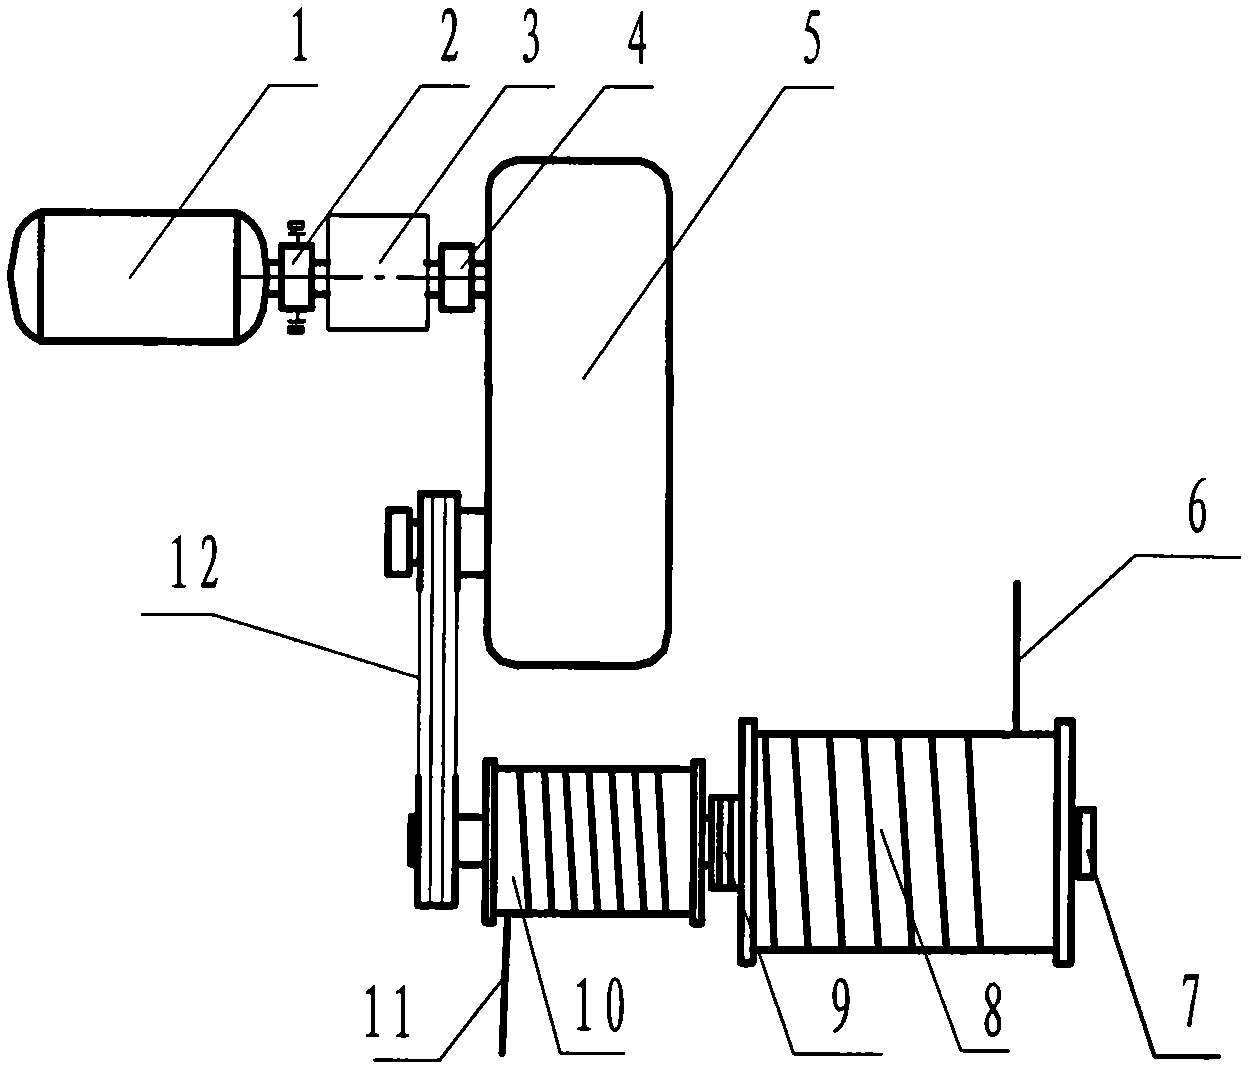 Electromechanical commutator for oil pumping unit
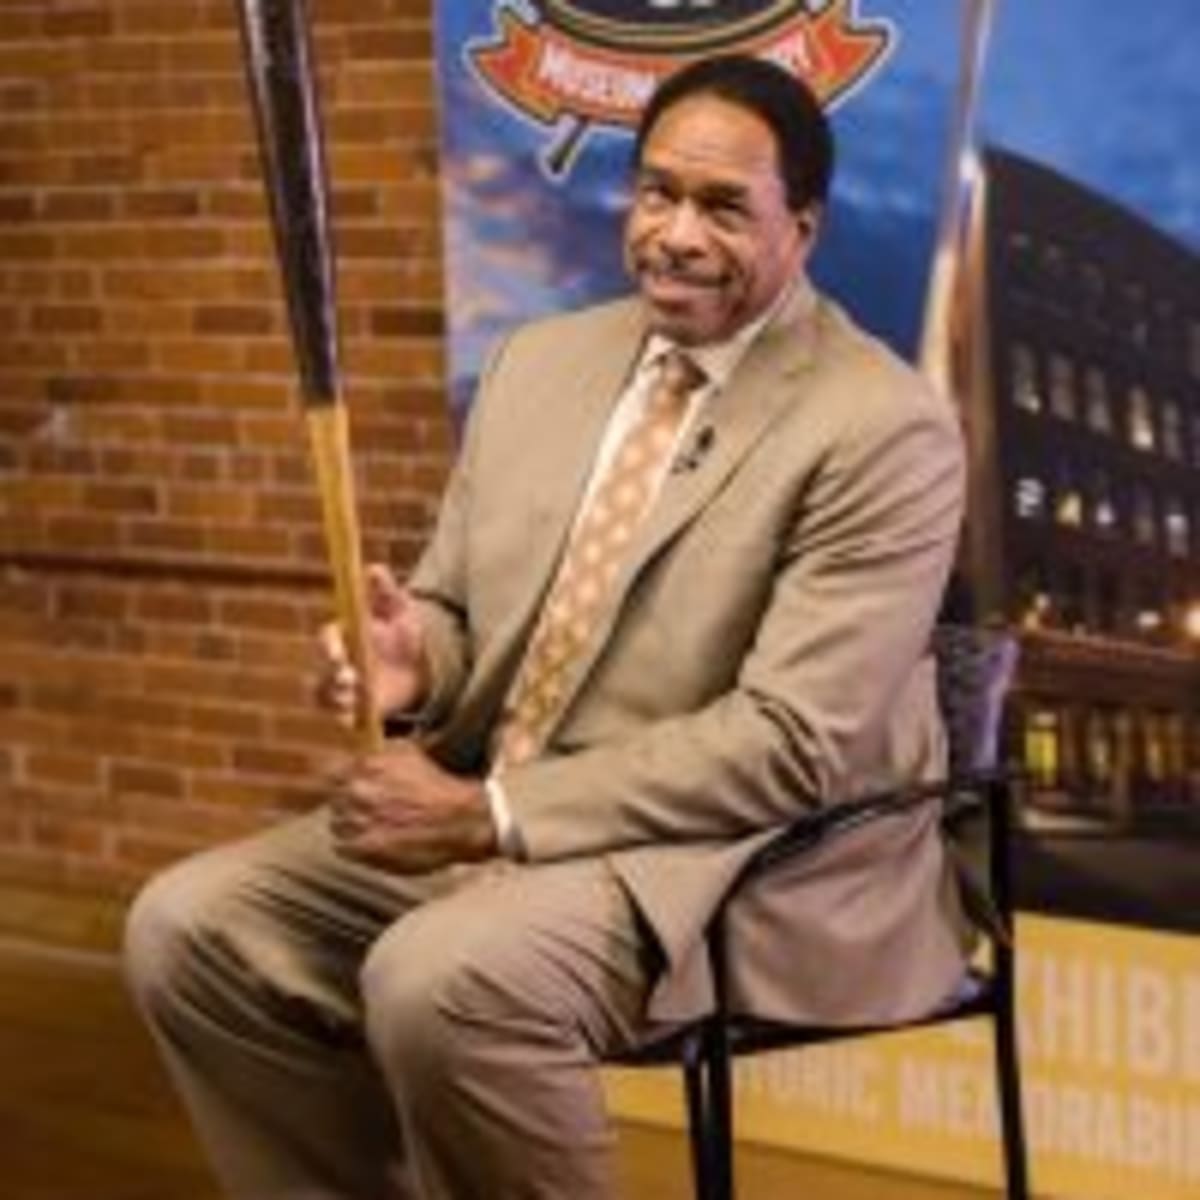 Dave Winfield receives Louisville Slugger's 2016 Living Legend
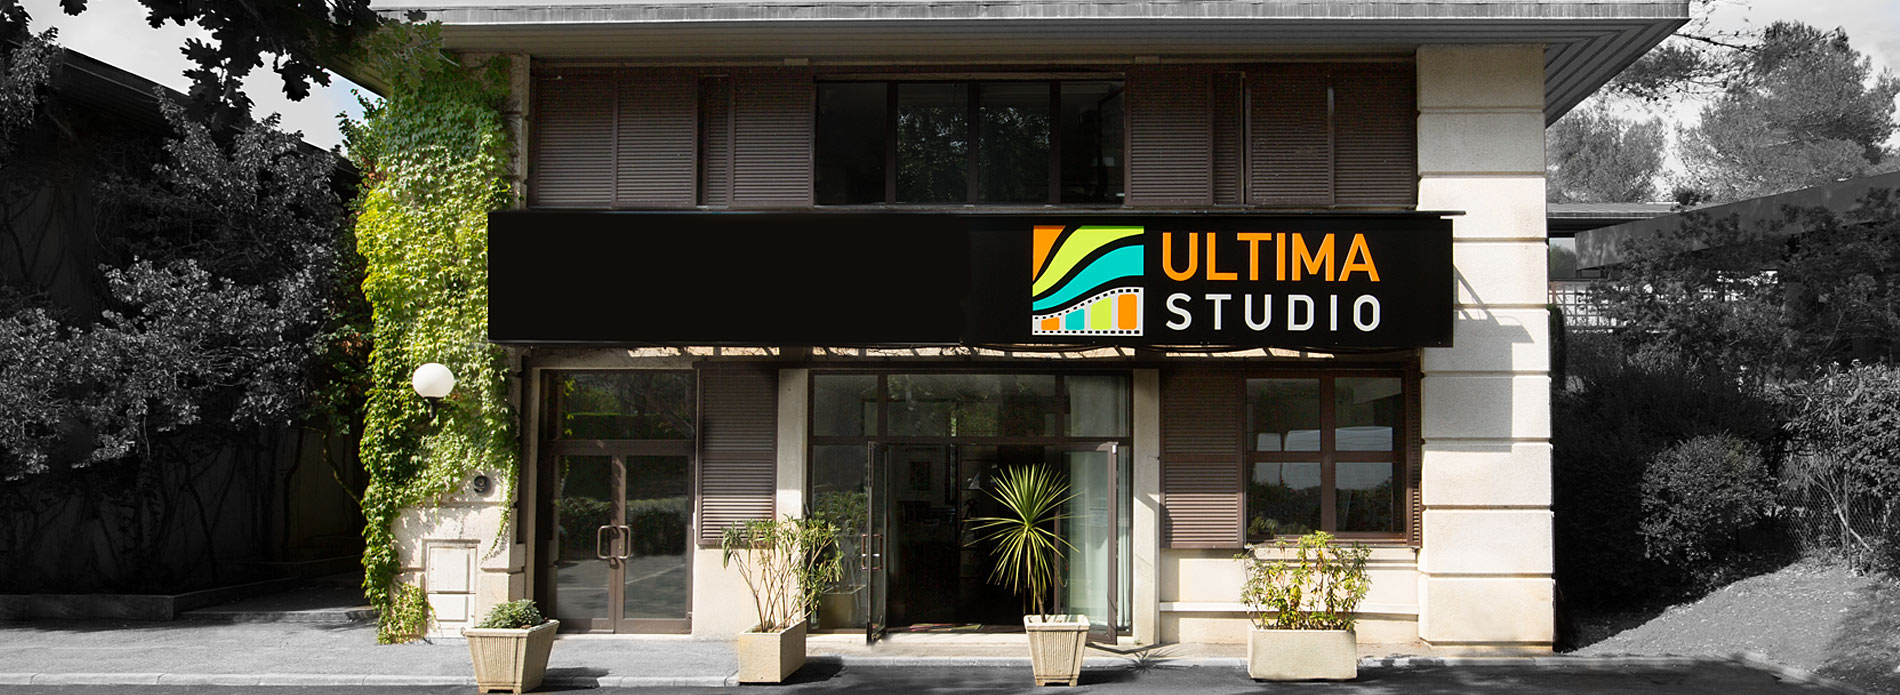 Ultima Studio Facade
-------------------------
**Exercise directions**
All of the lines above should be printed exactly, minus the pictures.

**Solution**
 Electromechanical commutator for oil pumping unit
 Dave Winfield receives Louisville Slugger's 2016 Living Legend
 Ultima Studio Facade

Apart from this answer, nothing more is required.